The Independent Petroleum Association of America (IPAA), which represents small to mid-sized producers, cited several concerns with the proposed fracking rule: it would impose a costly burden of requiring operators to identify all usable water zones, rather than the zones being identified by state agencies and BLM field officers. This requirement could cost as much as $310 million a year without any appreciable benefit to the public or protection of water resources, the producer group said.

“Currently state oil and gas agencies and BLM field offices identify the formations that must be protected. This is effective and cost-efficient and should not be changed,” IPAA told BLM.

IPAA said that it still opposes the proposed rule and asked Interior to withdraw the regulation.

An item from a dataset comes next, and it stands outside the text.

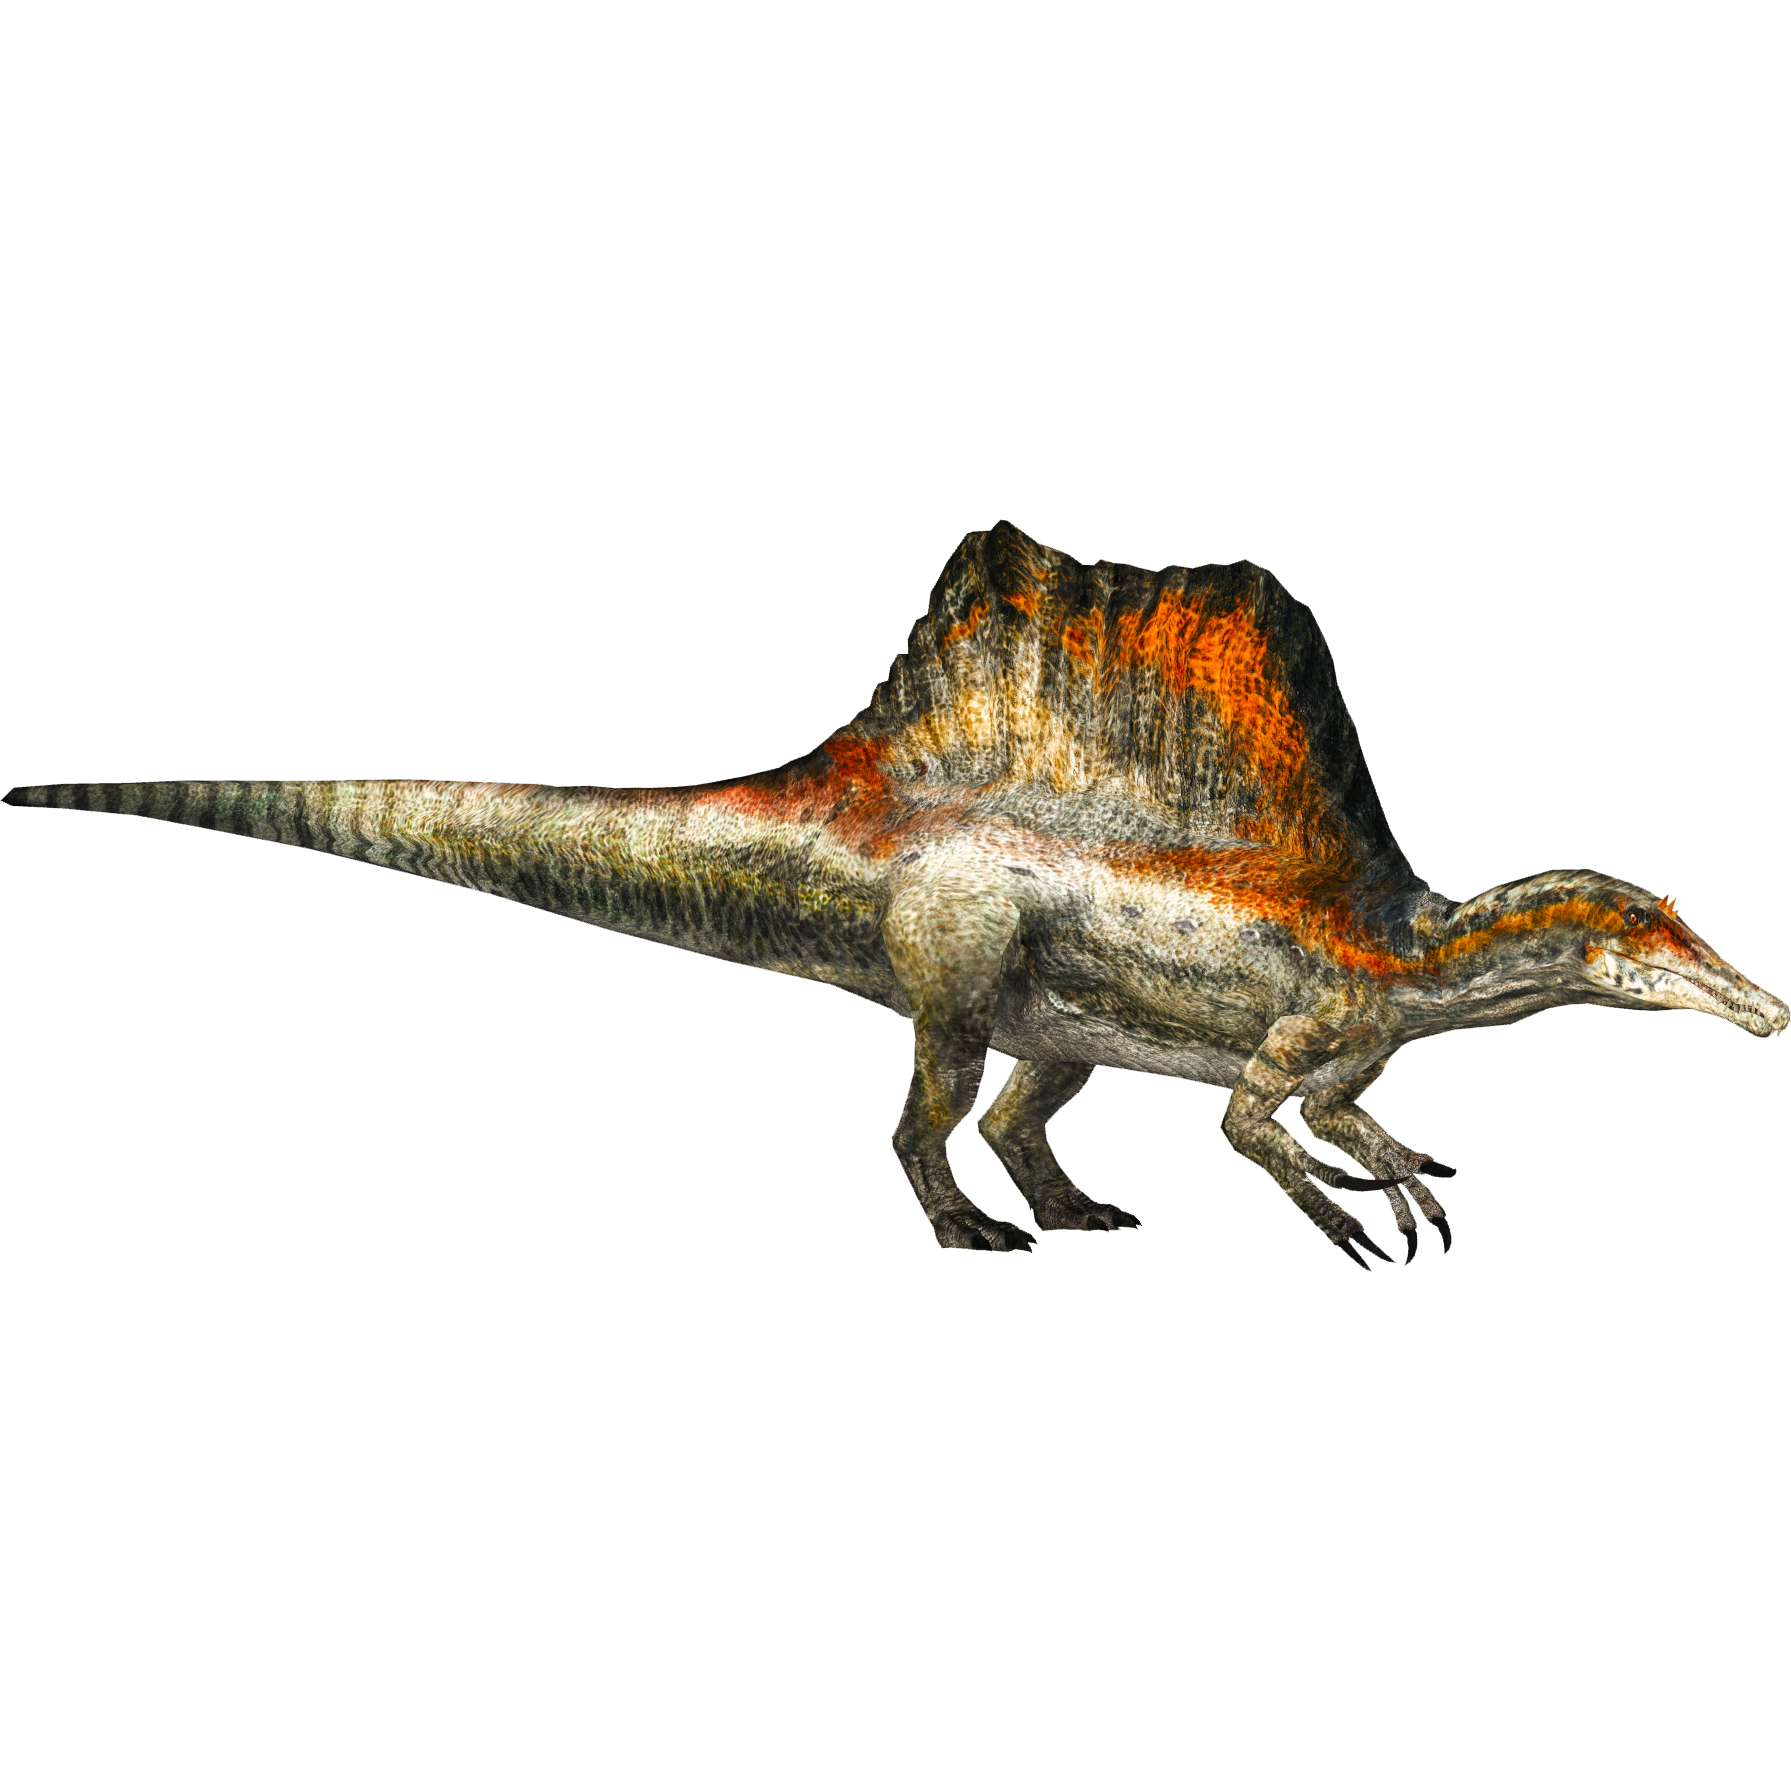 Zoo Tycoon 2 Showcase: Spinosaurus by ProfDanB on DeviantArt

It said BLM has underestimated the cost of the rule. IPAA believes it will cost about $345 million a year or more, and $96,913 per well.

There is one part of the draft rule that IPAA and other producer groups support. “We support that part of the proposed rule that requires operators to report [fracking] fluids and additives used in hydraulic fracturing operations on the FracFocus website.”

But trade secret protections should be expanded when reporting fracking fluids, according to IPAA. “The proposed rule affords trade secret protection, however, only to information that would be submitted after a hydraulic fracturing operation. We request that BLM expand the trade secret provisions to information required to be submitted in the notice of intent, such as fracture length and orientation data.”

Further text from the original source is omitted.